If you do a React frontend that live within your assets folder, this works great since the generated files are there.
But if I have a React-Native app in a separate repo, would I have to take the generated typescript file and manually put it in my React-Native repo each time I codegen?
I see there is an
output_file config. I guess I could have a monorepo and set the output file to output outside the ash project into a shared folder or something?

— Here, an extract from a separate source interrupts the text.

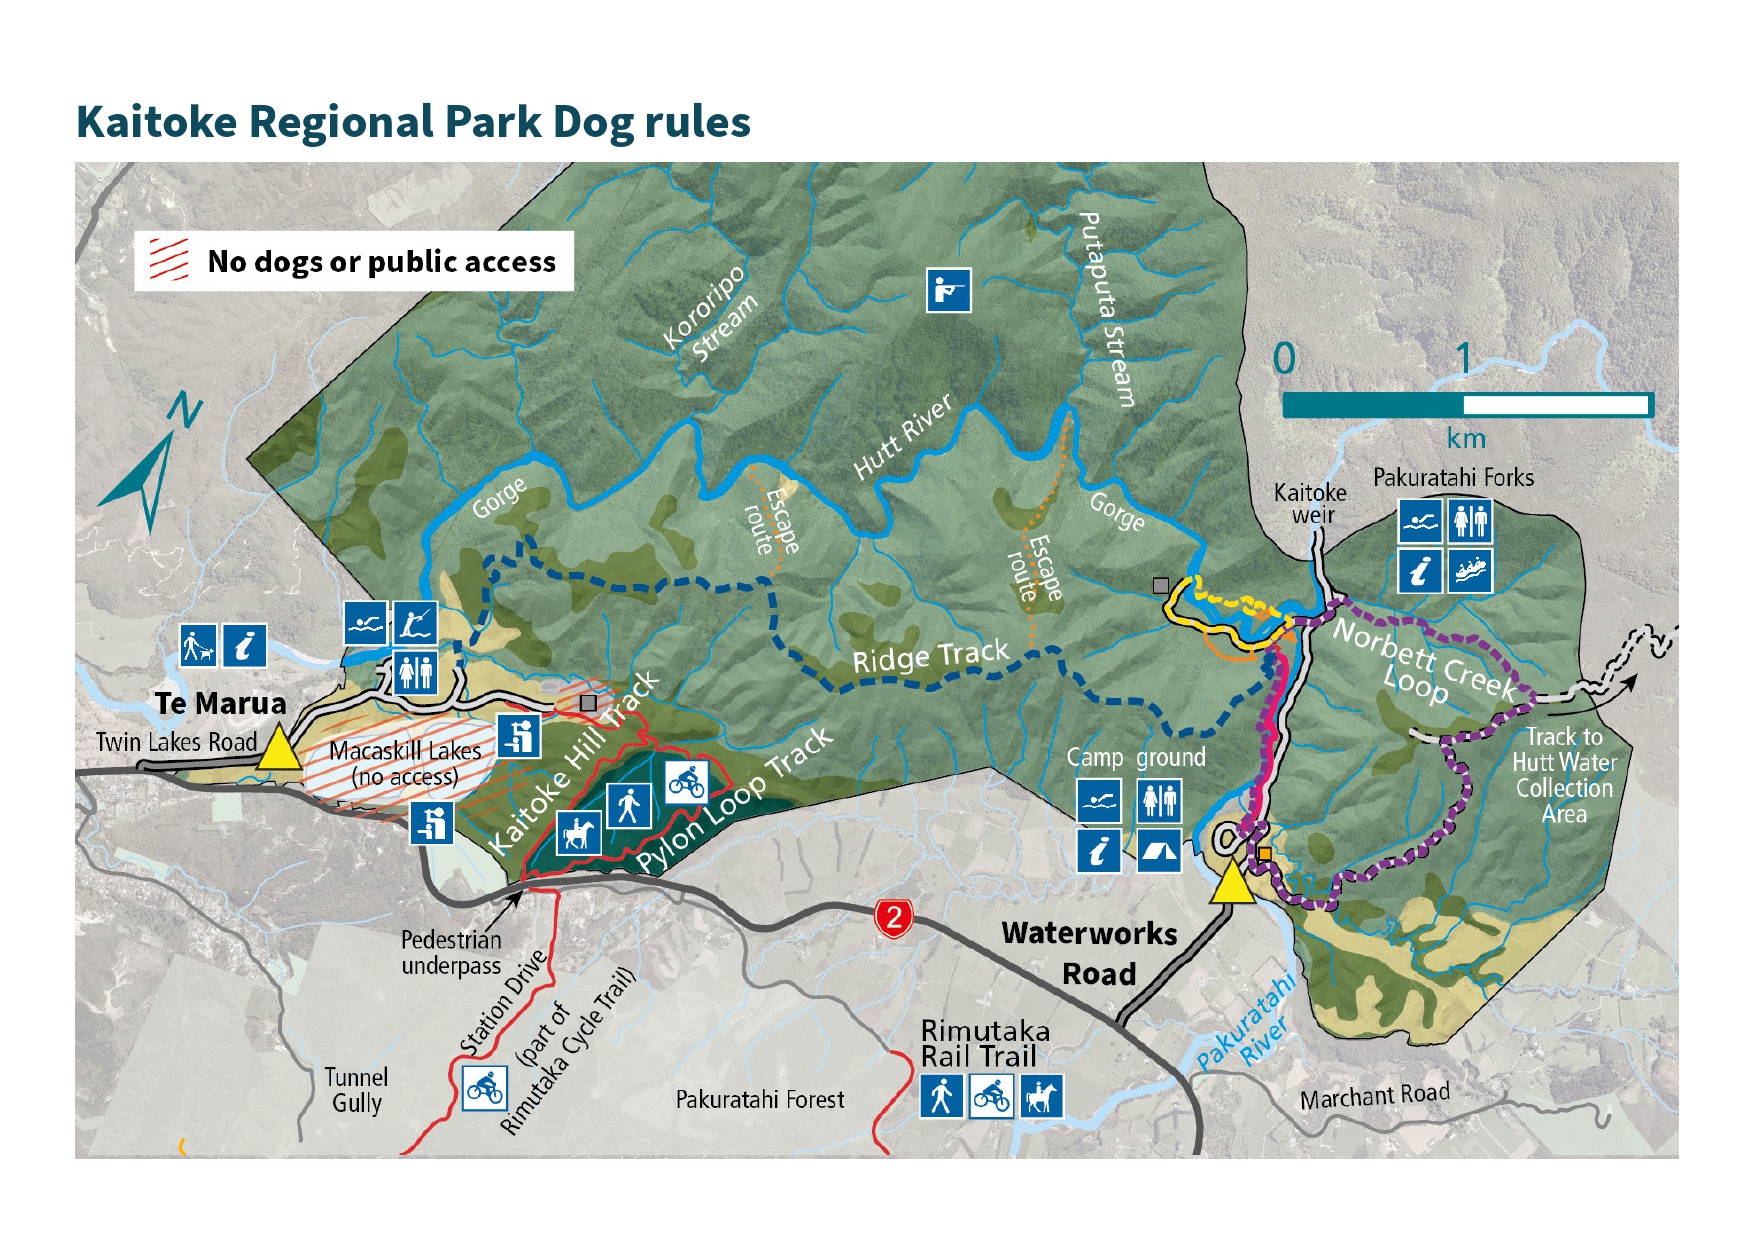 Kaitoke Regional Park Dog rules
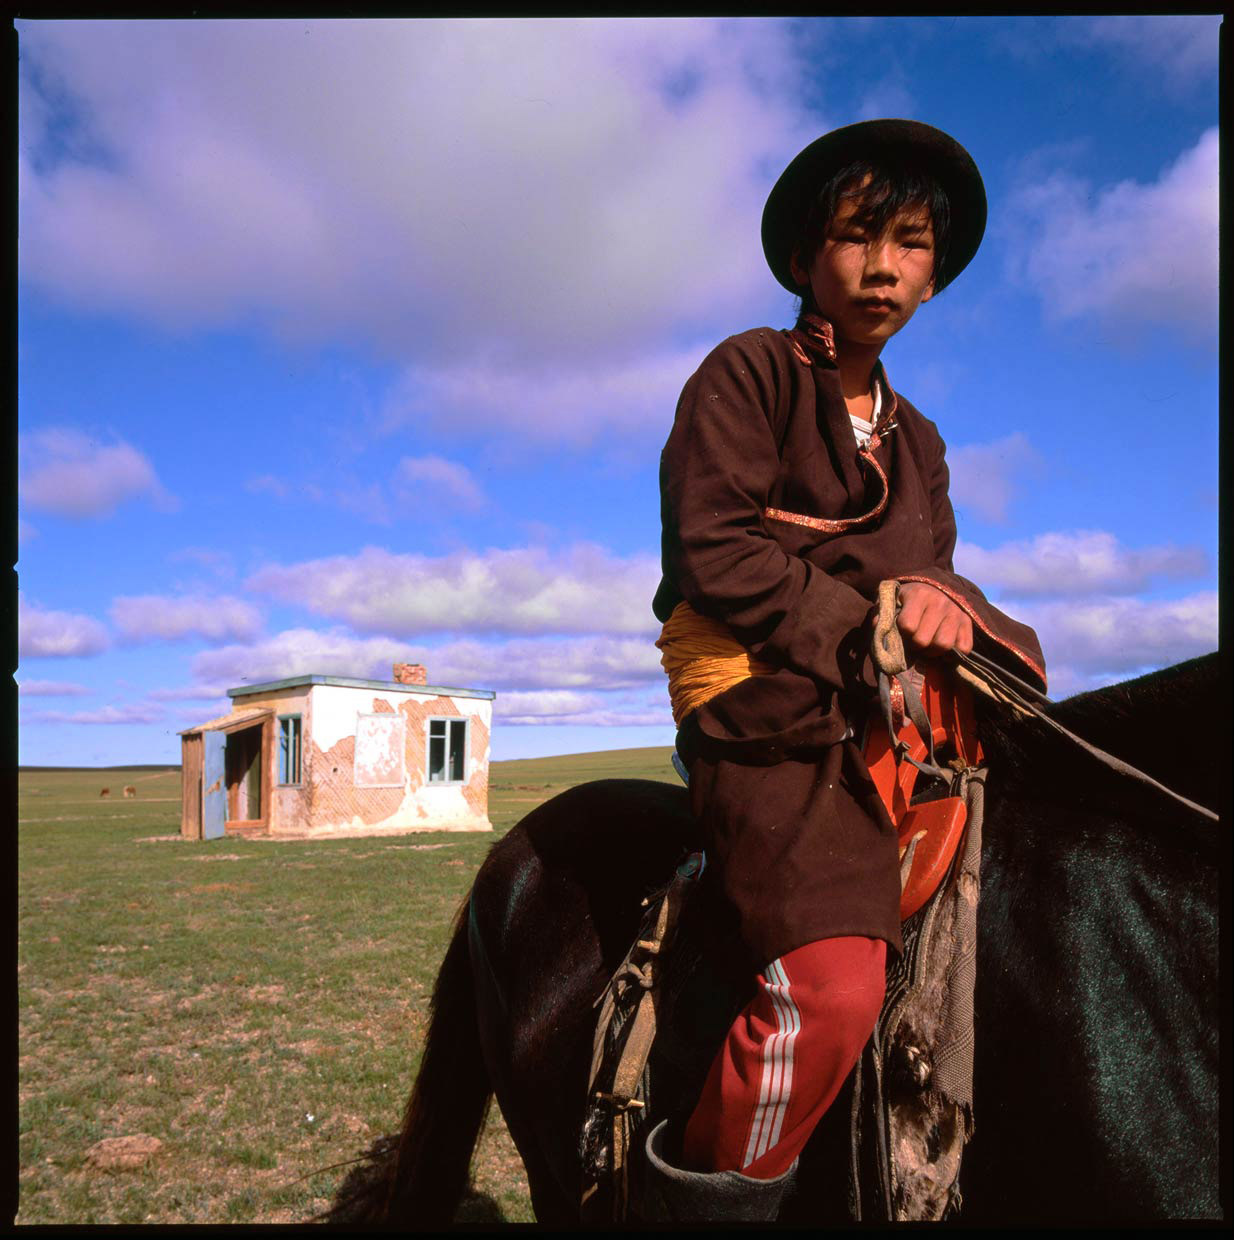 Mongolia_herder-boy-on-horse

Has anybody worked with ash_typescript with a separated frontend?6 Replies
If you are building your frontend in a separate repo, I would go for something like this:
For local development, in your backend repo set ash_typescript's output_file setting to point to the location where you would like the generated file to be located in your frontend repo, for example something like
../my_frontend_app/src/ash_typescript.generated.ts
You don't necessarily need a monorepo, but that would definitely work as well 😎
If you are building and deploying both projects yourself, a setup like above would probably do the job.
For deploying with CI/CD pipelines, I would recommend that every time the backend is built, the generated typescript file is saved as a build artifact, and when building the frontend, you always fetch that build artifact and place it inside your code before you start a build. Then you will ensure that your frontend builds are always in sync with your latest deployed backend.Ok yeah this make sense!
While I have you here, 🙂
I never worked with an RPC workflow before, would this be a good fit if I need my app to be available offline?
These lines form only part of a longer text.